[Exercise directions]: Write out exactly the lines of the entries below from the one holding "Telediario 1: Retirado" to the one holding "Nikki Bella W", inclusive, and leave out all other lines.

[Data records]:
________

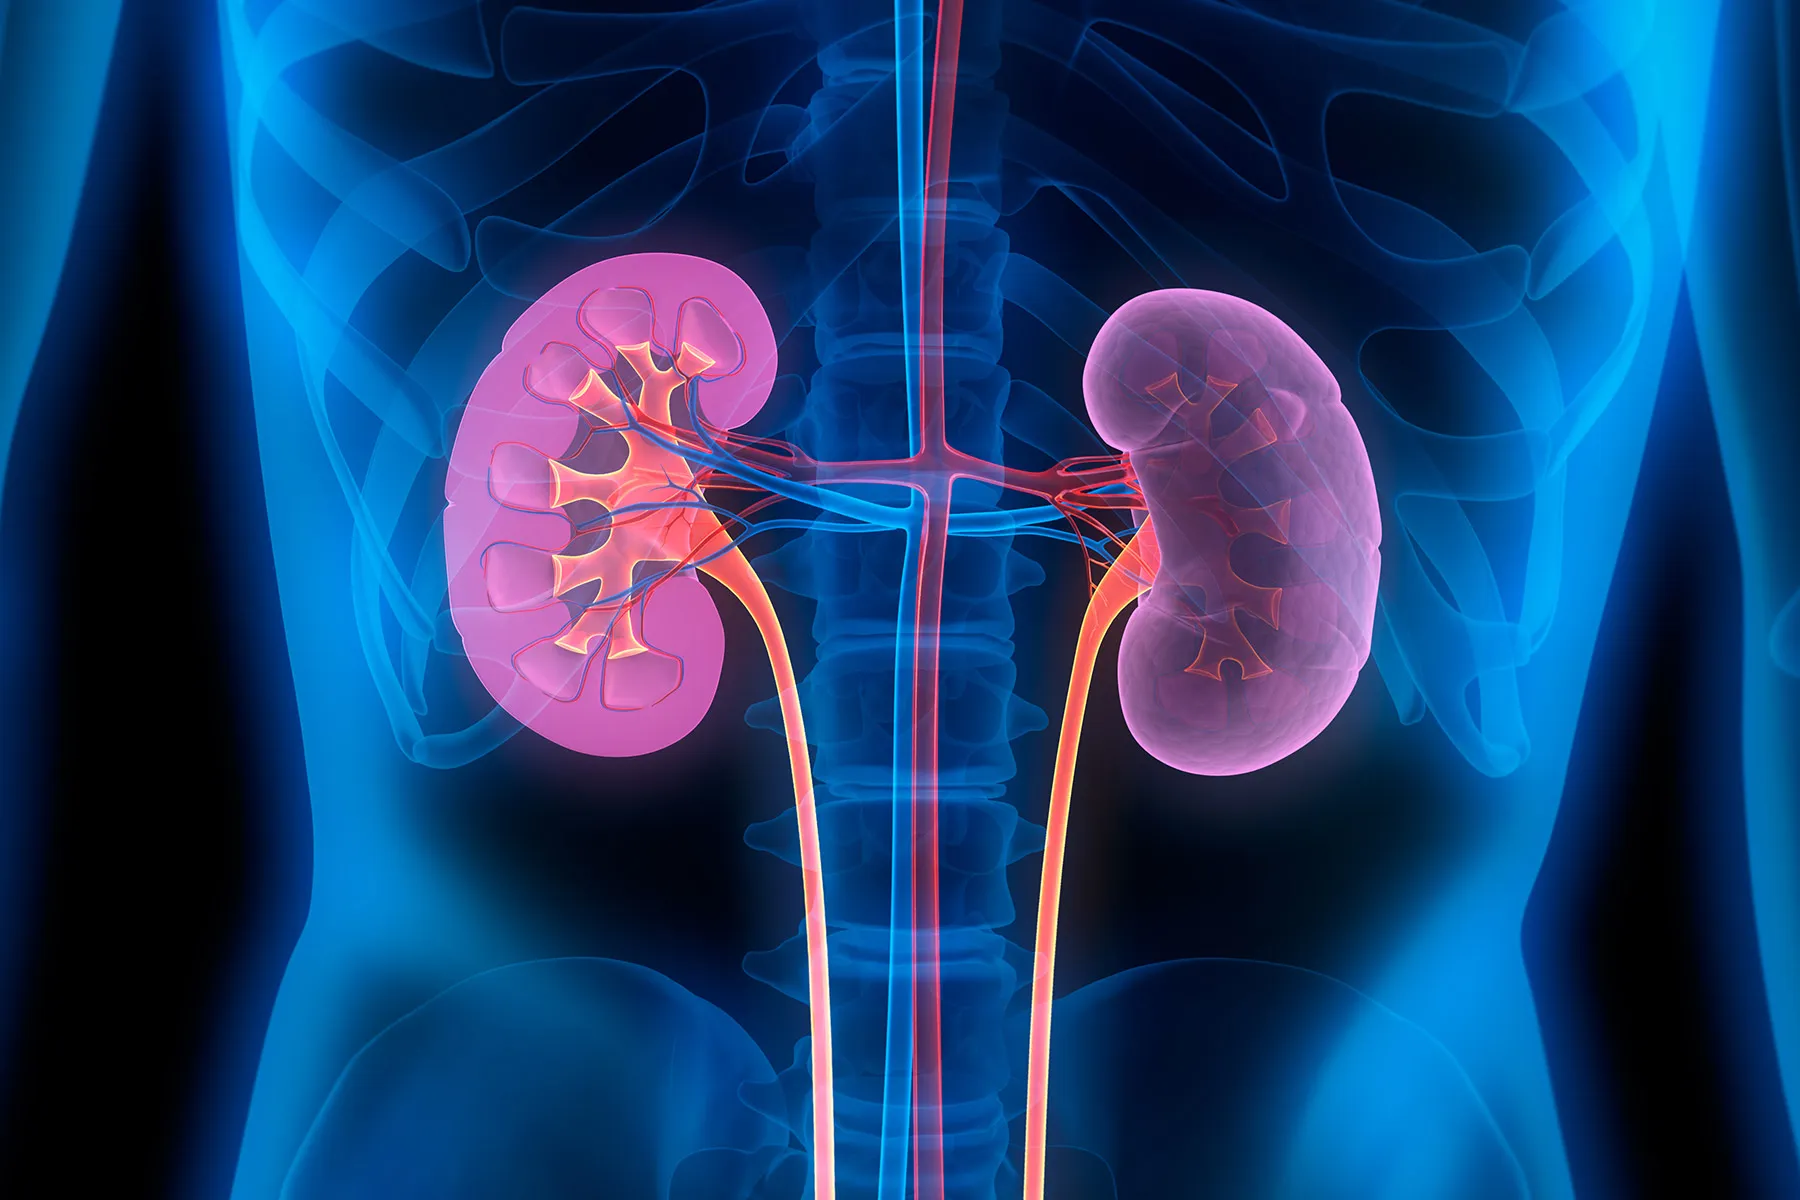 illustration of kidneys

________

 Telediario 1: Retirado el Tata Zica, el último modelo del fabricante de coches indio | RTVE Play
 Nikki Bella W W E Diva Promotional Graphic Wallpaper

________

[Written answer]:
 Telediario 1: Retirado el Tata Zica, el último modelo del fabricante de coches indio | RTVE Play
 Nikki Bella W W E Diva Promotional Graphic Wallpaper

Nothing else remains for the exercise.